Thomas Mann wurde am 6. Juni 1875 in Lübeck als zweiter Sohn des Senators Thomas Johann Heinrich Mann und seiner Ehefrau Julia da Silva – Bruns geboren.

Sein Vater war ein Getreidekaufmann, und später wurde er Senator der freien Hansestadt. T.J.H. Mann war einer der mächtigsten Männer der Freistaats. Starb er an Blasenkrebs. Testamentarisch verfügte er die Liquidation der Firma, obwohl jene Finanzkrise schon längst überwunden war.

Er hinterließ seiner Familie ein Vermögen von rund 400 000 DM, das sie „nicht reich, aber wohlhaben“ sein ließ. Hätte er Söhne nach seinem Wunsch gehabt, wäre die Liquidation nicht nötig gewesen. Er wollte, dass Thomas einer praktische Beruf lerne. Heinrich, Thomas vier Jahre älteren Bruder, hatte mit ’Bewusstsein an die Literatur’ abgegeben.

Seiner Mutter Julia war zur Hälfte brasilianischer Herkunft. Sie hatte einen ausgesprochenen Sinn für das Künstlerische. Sie hat ihre Söhne Thomas und Heinrich inspiriert.

Thomas Mann wuchs mit vier Geschwister auf: Heinrich, Julia, Carla und Viktor.

Thomas Mann hat seine eigene Kindheit als sehr glücklich beschrieben. Die Familie besaß ein großes repräsentatives Haus und daheim wurde viel musiziert und man unterhielt viel über Literatur. Übrigens war seine Familiengeschichte die Grundlage für seinen Roman „ Buddenbrooks“ . Das einzige, was er an seiner Kindheit gehasst hat, war die Schule. Er vergleich das Gymnasium mit einem Preußischen Kasernenhof.
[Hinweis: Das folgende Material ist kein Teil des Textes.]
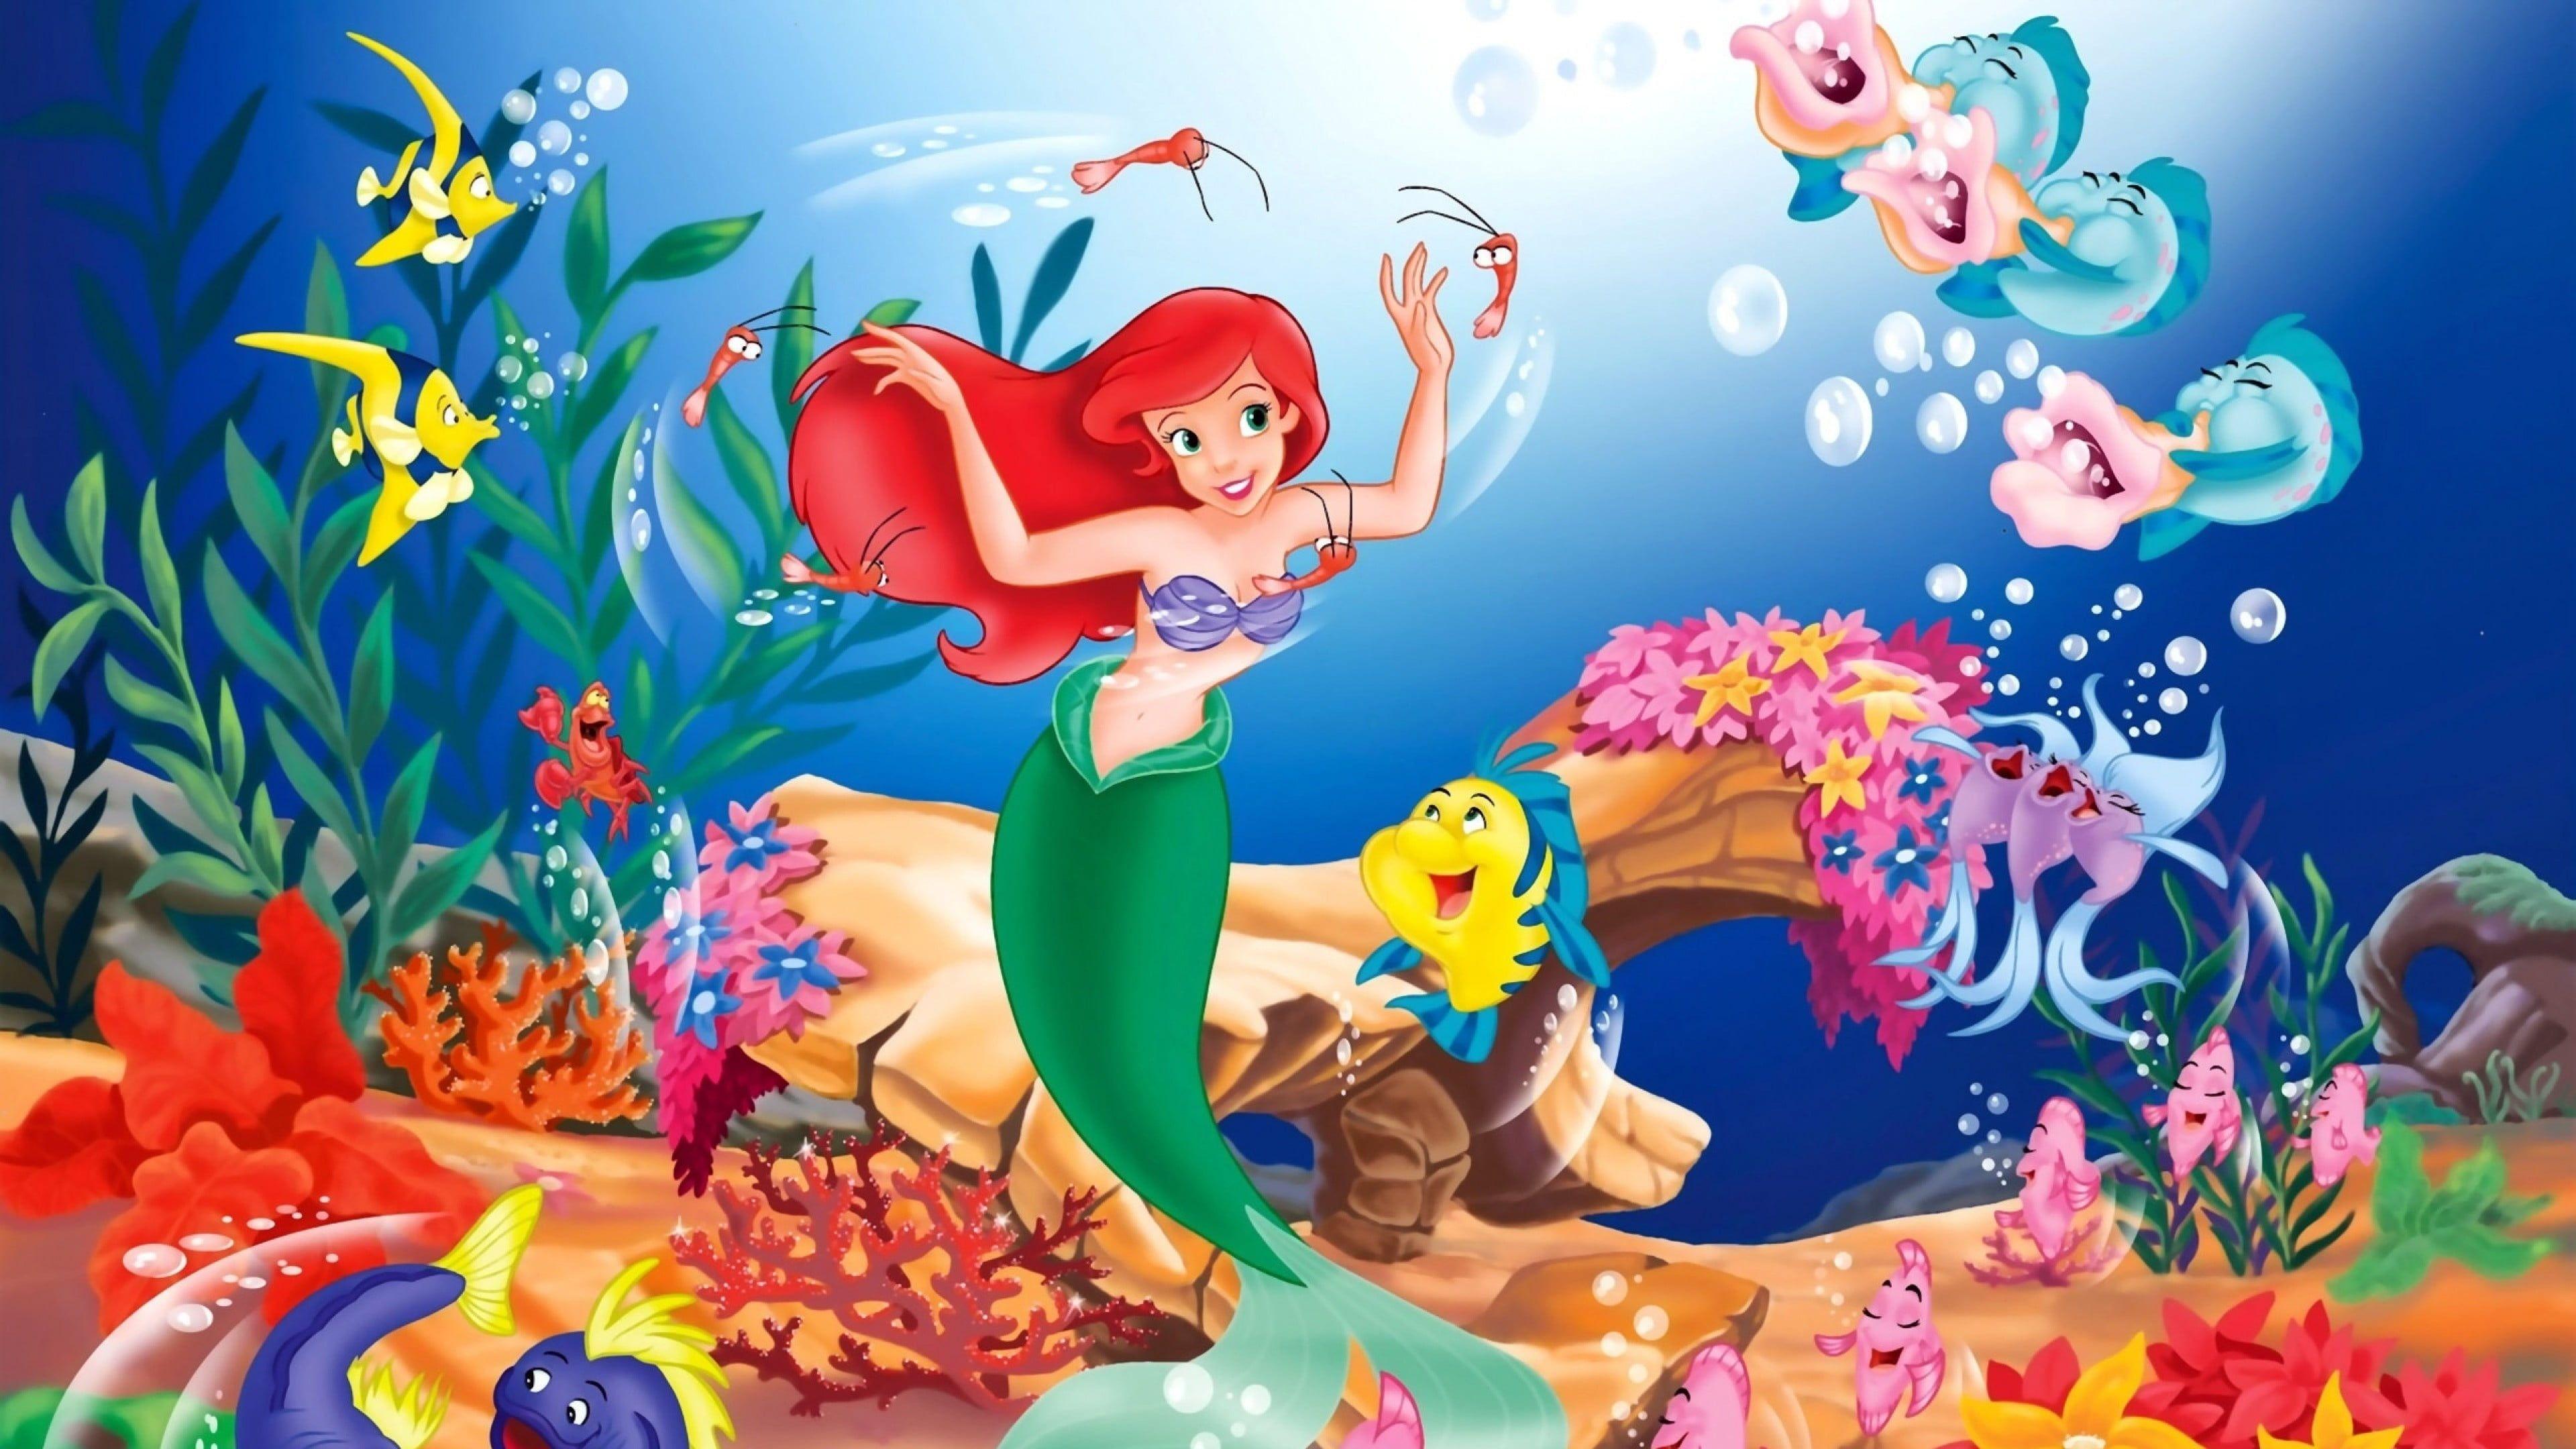 Disney Little Mermaid Underwater Wallpaper Fantasy Art Digital Art
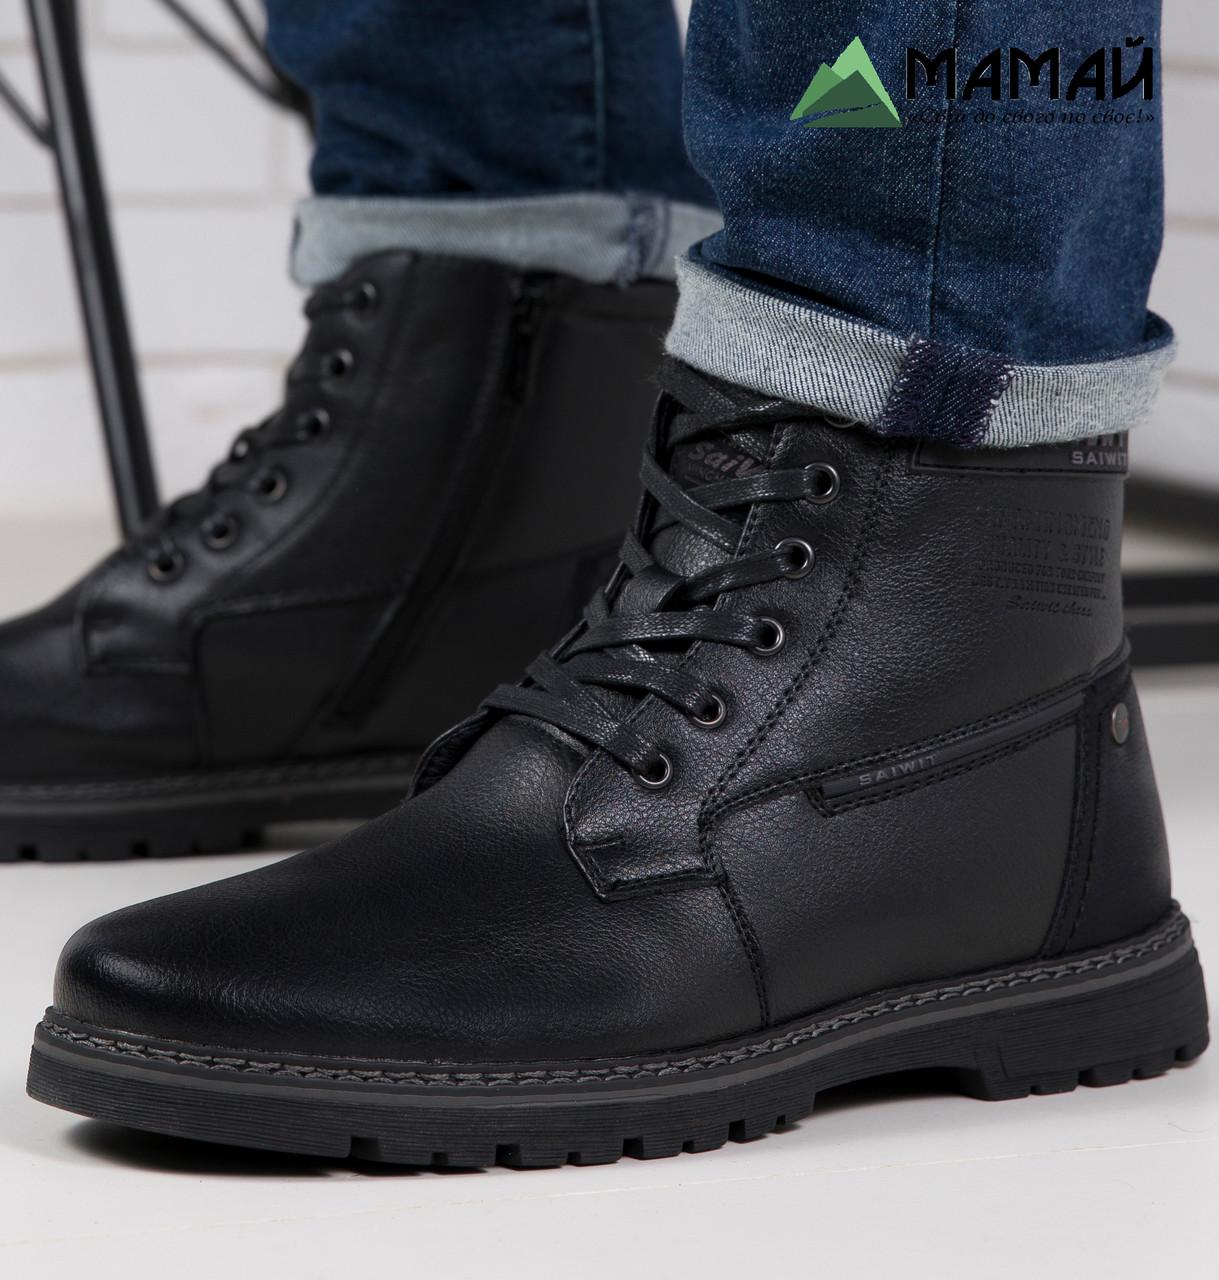 Ботинки мужские зимние -20 °C 45р

Die Höhepunkte im Leben Thomas Manns waren die Sommerferien, die er im Kreis seiner Familie in Travemünde an der Ostsee verbrachte. Travemünde war für ihn das Ferienparadies, wo er die glücklichste Tage seines Lebens verbrachte.

Nach dem Tod seines Vaters blieb Thomas noch zwei Jahre in Lübeck und besuchte weiterhin das Lübecker Realgymnasium „Katerineum“ , während seine Mutter mit den drei Jüngeren Geschwistern nach München übersiedelte. Später (1894) folgte er seiner Familie nach München. Er arbeitete da als Volontär bei einer Versicherungsgesellschaft. In diesem Zeit erscheint seine erste Novelle „Gefallen“ in der Zeitschrift „die Gesellschaft“. Die positiven Kritiken motivierten ihn so sehr, dass er seine Stellung aufgab, um als freier Schriftsteller zu arbeiten. Seine „Wanderjahre“ (1895-1898) verbrachte Thomas Großenteil mit seinem Bruder Heinrich in Italien. Hier Begann er sein größten Werk „Buddenbrooks“ zu schreiben. Drei Jahre schreib er das Buch, mit Müh und Treue. In einer Auflage von 1000 Exemplaren erschien die zweibändige Ausgabe im Oktober 1901. Das Werk gilt als einer der bedeutendsten Gesellschaftsromane in deutsche Sprache. 1929 erhielt Thomas Mann den Nobelpreis für Literatur für die „Buddenbrooks“.